On that note, to anyone on LinkedIn who’s been cold-emailing me and wondering why you’re not getting a reply: it’s because an LLM is moving you to @Junk before I ever see you. Sincerely sorry about that.
This is really about le tokens
The savings aren’t abstract, and they’re not mostly created in the final categorization step. When an agent triages an inbox, its heaviest cost is the input context tonnage. To evaluate my inbox, Glean has to ingest the metadata (and often the snippet or body) of every unlabeled email, every run. That is where the money goes.
Before: 50 unlabeled emails means Glean parses all 50.
After: Gmail’s native filters run for free the instant each email arrives, wiping out the high-volume, predictable categories before the agent ever spins up. By the time Glean triggers its batch run, the obvious stuff is already gone.
Result: Glean finds a handful of residual emails that actually require reasoning, with ambiguous text, cold pitches, etc. It thinks hard about a few ambiguous things instead of parsing through everything.
There’s a second-order effect too. Glean, like most agent platforms, scales credit consumption with logic complexity. So a giant prompt stuffed with hardcoded rules forces the model to chew through a huge instruction set on every run. Moving those rules to Gmail leaves a prompt that’s small and simple, which keeps agent runs in the low-cost bracket. I’m not just processing fewer emails; I’m also running a leaner agent on each run.
The real deliverable
It would be easy to read this as a cost-optimization story. It is (yay!). But the cost savings are almost a byproduct of the principle here.
The ultimate goal of AI automation should never be 100% AI. It’s a hybrid architecture: some hard-coded or native automation as the broad net that catches the bulk volume, and an LLM agent as the precision targeter that handles the complex remainder. The ROI of AI has as much to do with choosing which cases deserve it as with the intelligence itself.
Allie wisdom #3: An agent pointed at everything is an agent wasted on most things.

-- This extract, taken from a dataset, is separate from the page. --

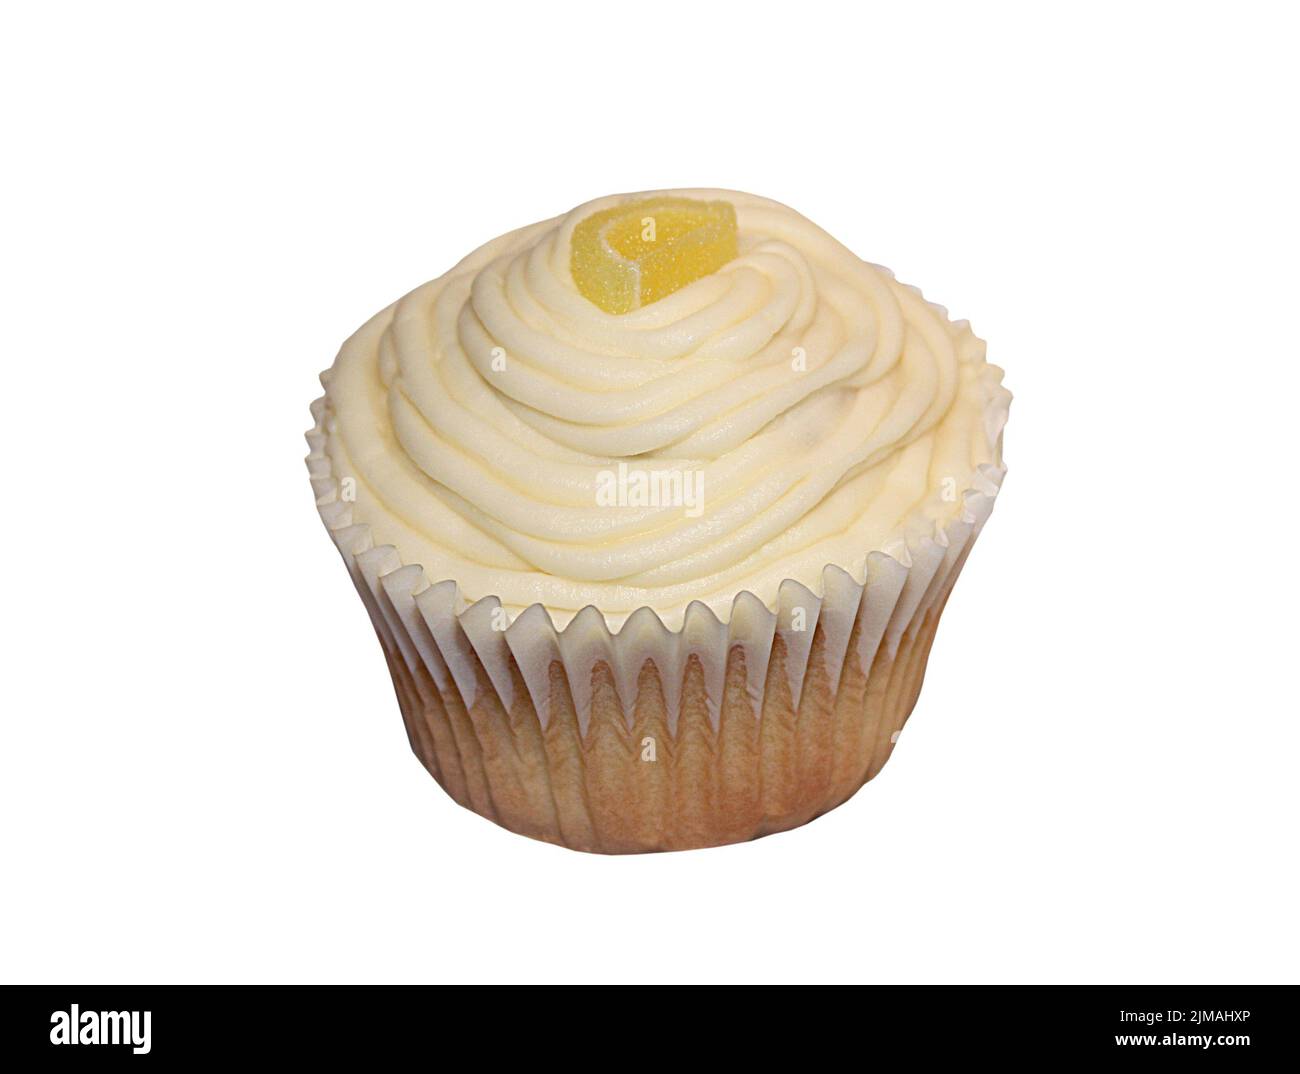 Una deliziosa torta Iced Muffin Cup aromatizzata al limone. Foto Stock

So here’s the things we should talk about more: the act of separating the codifiable logic from the agentic logic is itself the work. When you force yourself to ask “which of these rules is a lookup, and which requires judgment?”, you’re not just saving money, you’re auditing your own process and discovering what actually requires intelligence. That’s the human-in-the-loop moment. It’s how you catch the agent making decisions you can’t articulate, and it’s how you make sure the reasoning you’re paying for is reasoning you actually endorse.

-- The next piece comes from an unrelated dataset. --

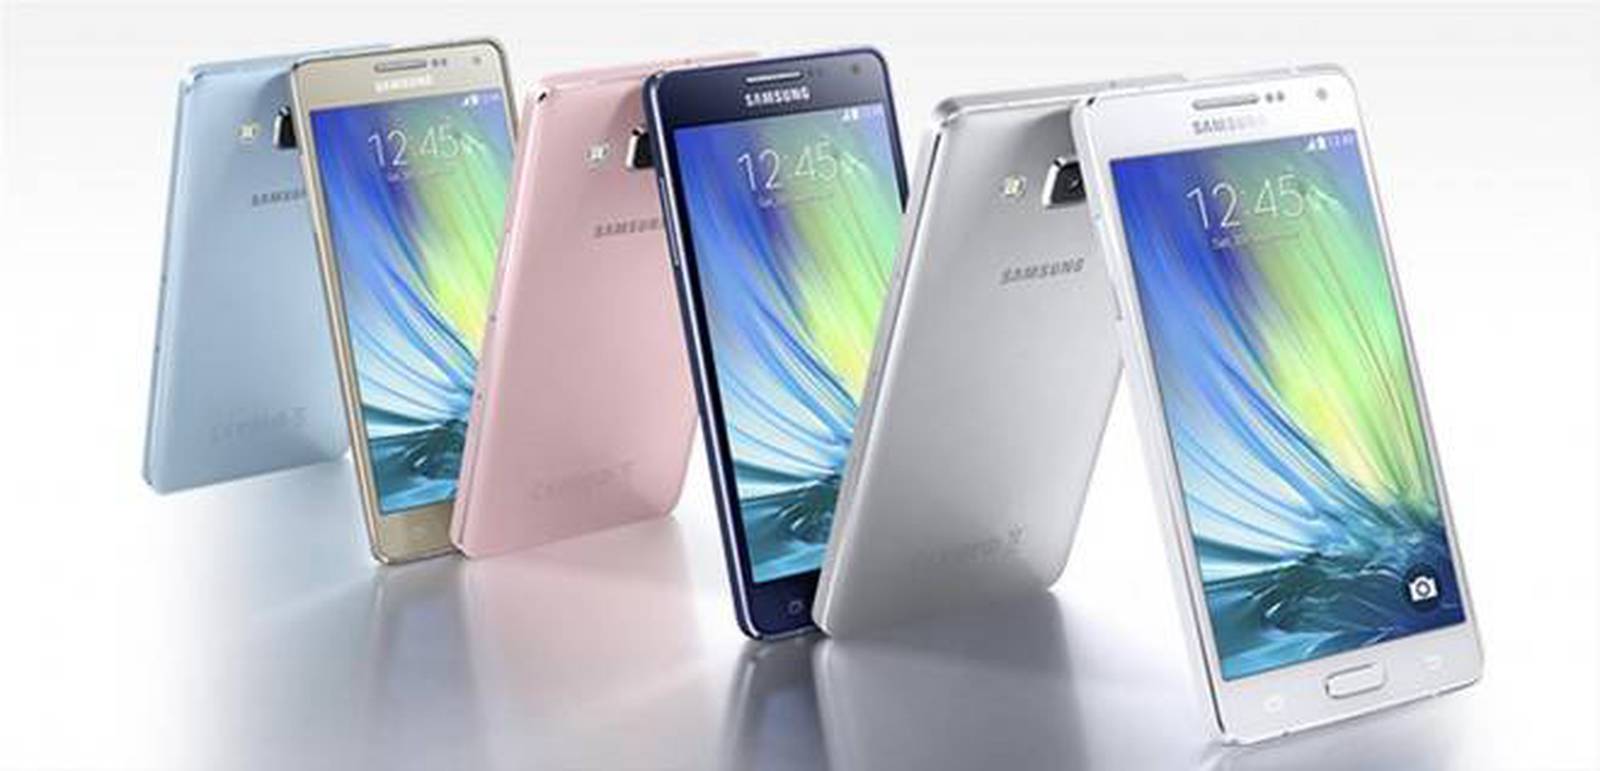 Samsung tiene el récord de más selfies tomadas con el A3 y A5

Hygiene, it turns out, is much more than an aesthetic preference for a tidy system (who cares about that anyway?). Hygiene in the age of agentic AI is a cost control. A validation mechanism. And a diagnostic that tells you what your workflow is really made of.
So stop and clap when you get that agent working, yes of course do that. But don’t stop there. That’s just phase one. Phase two is figuring out how little of it needs to be an agent at all.
Train the agent, then replace it.
And let me know what you’re compiling.
Note: I’m traveling to Montreal in a few weeks, so I’m starting to add “le” to things where it absolutely doesn’t belong. It’s nice.